- Born: Mumbai, Maharashtra, India
- Citizenship: Indian
- Occupation: Actress;
- Years active: 2011–present
- Known for: Anupamaa;

= Nidhi Shah =

Indian television actress

Nidhi Shah is an Indian television actress best known for her portrayal of Poorva Sharma Shetty in Tu Aashiqui and Kinjal Dave Shah in Anupamaa.

==Career==
Shah made her acting debut as a child artist in the 2011 web series That's So Awesome. She then played small cameos in the 2013 Hindi films Mere Dad Ki Maruti and Phata Poster Nikhla Hero respectively.

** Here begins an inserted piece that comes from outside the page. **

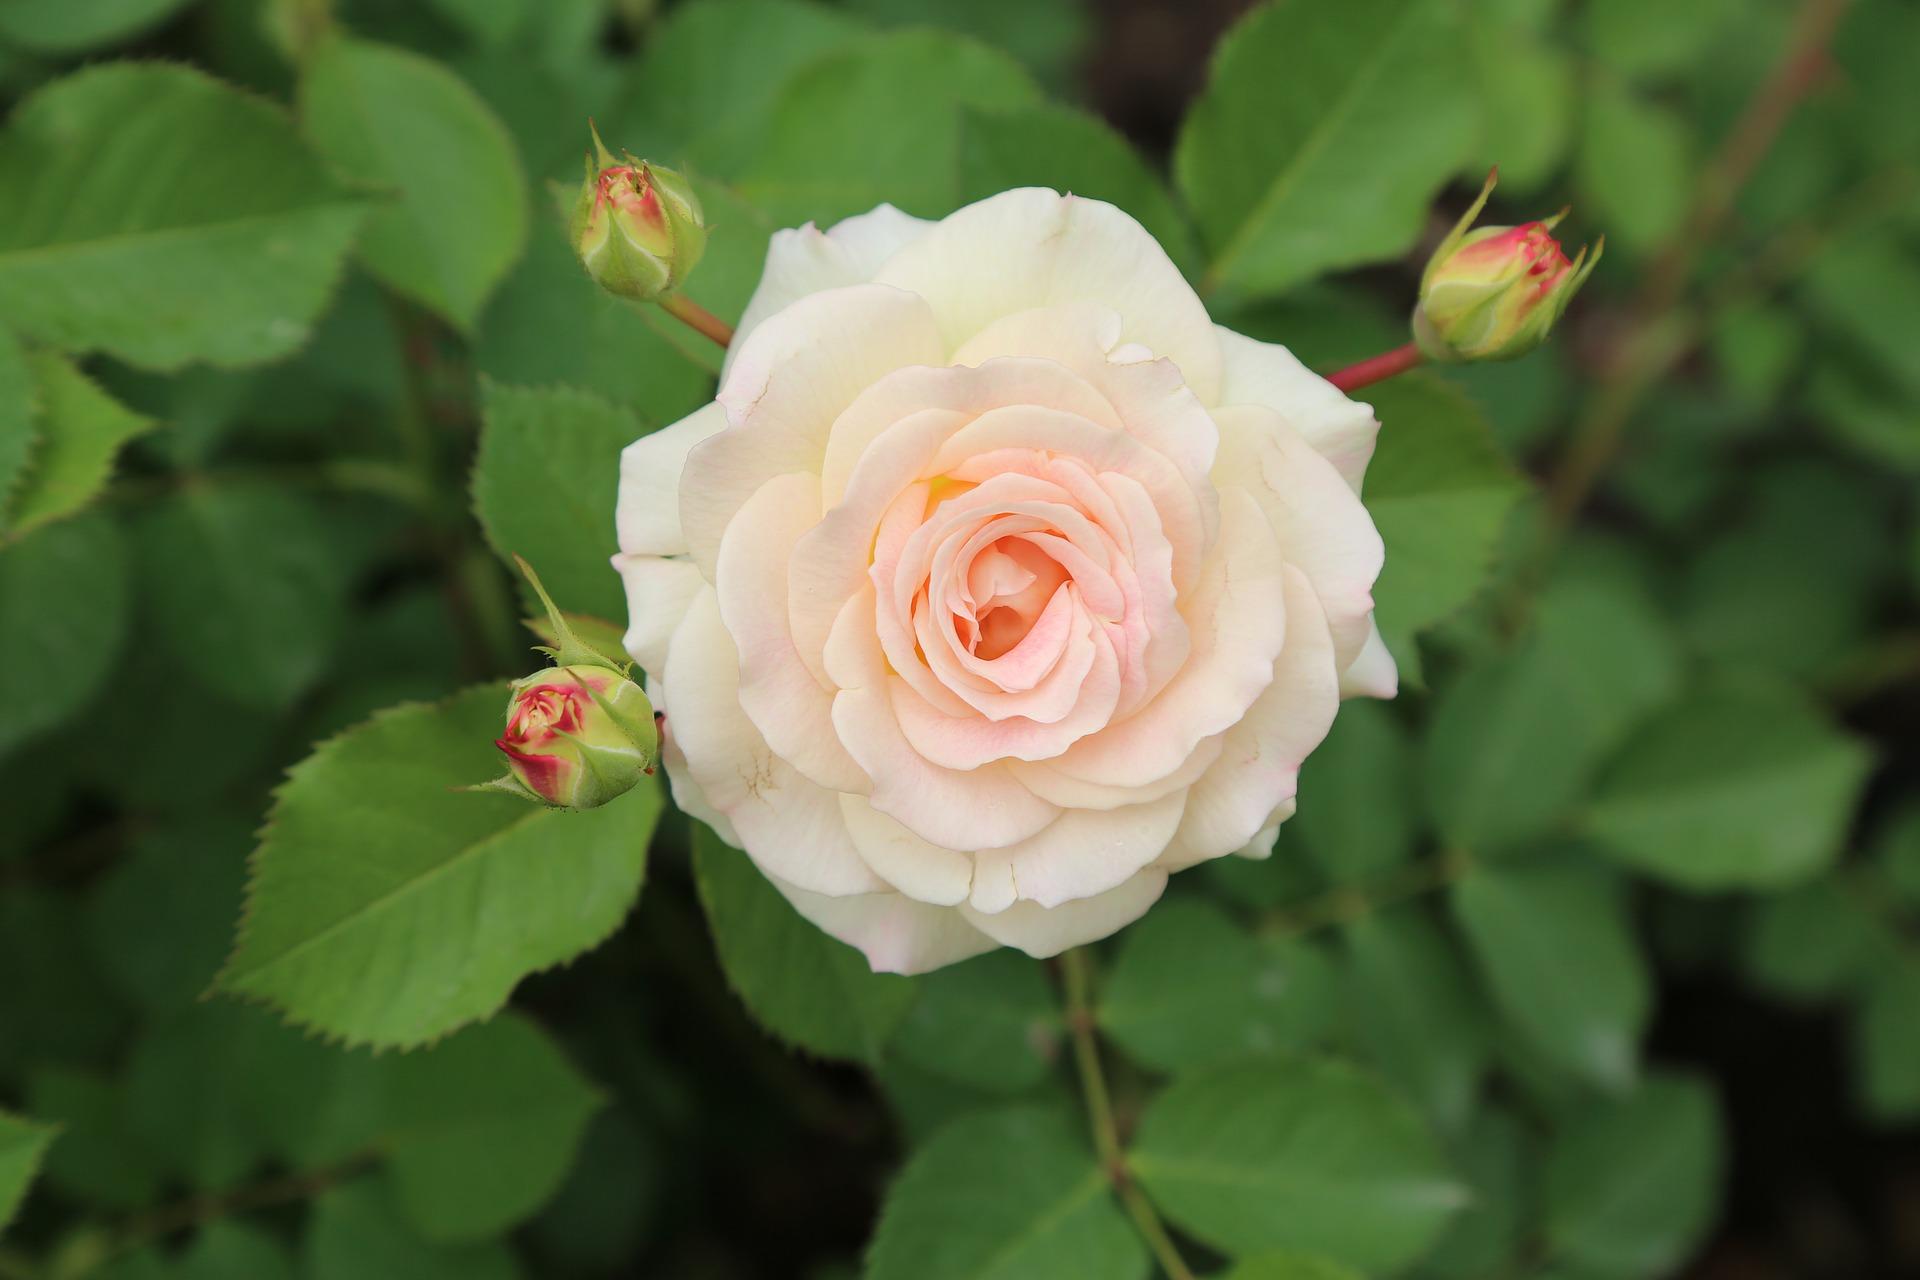 rose-3384487_1920.jpg
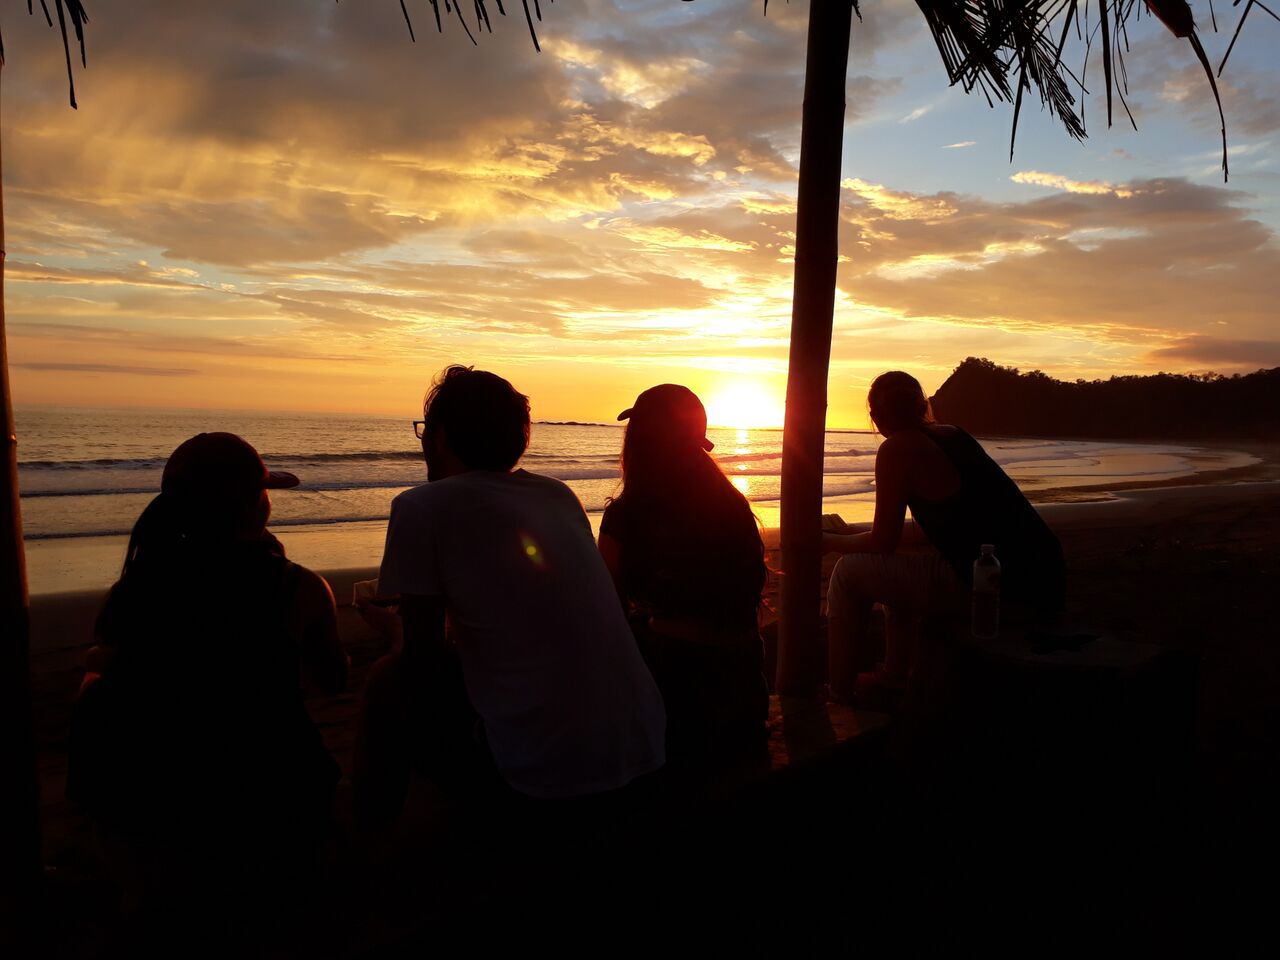 sunset crew

She made her television debut in 2016 with Jaana Na Dil Se Door portraying Shweta Kashyap.

From 2017 to 2018, she portrayed Poorva Sharma Shetty opposite Kiran Raj in Tu Aashiqui. In 2019, she portrayed Suman Patwardhan in Kavach ... Mahashivrati.

She portrayed Shanaya Arora in Kartik Purnima opposite Chirag Mahbubani in 2020. She also portrayed Vidhi in the web series Dating Siyapaa the same year.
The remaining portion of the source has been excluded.